Every line from the start of the listing below through the line that contains "Festival : Les Puces de l'Illu #8" is to be reproduced word for word.

**The data**.
════════════════
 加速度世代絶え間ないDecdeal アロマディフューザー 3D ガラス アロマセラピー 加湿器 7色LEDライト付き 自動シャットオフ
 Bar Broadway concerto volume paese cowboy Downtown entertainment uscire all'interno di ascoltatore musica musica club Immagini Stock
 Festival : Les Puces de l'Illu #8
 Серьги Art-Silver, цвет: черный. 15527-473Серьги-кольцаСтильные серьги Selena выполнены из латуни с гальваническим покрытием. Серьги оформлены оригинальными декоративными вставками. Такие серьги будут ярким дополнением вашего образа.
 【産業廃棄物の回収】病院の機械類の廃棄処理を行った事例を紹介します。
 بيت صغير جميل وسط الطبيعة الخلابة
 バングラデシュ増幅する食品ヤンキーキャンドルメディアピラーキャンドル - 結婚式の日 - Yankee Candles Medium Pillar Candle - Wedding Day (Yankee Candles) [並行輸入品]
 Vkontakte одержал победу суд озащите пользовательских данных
════════════════
**Response for this exercise**.
 加速度世代絶え間ないDecdeal アロマディフューザー 3D ガラス アロマセラピー 加湿器 7色LEDライト付き 自動シャットオフ
 Bar Broadway concerto volume paese cowboy Downtown entertainment uscire all'interno di ascoltatore musica musica club Immagini Stock
 Festival : Les Puces de l'Illu #8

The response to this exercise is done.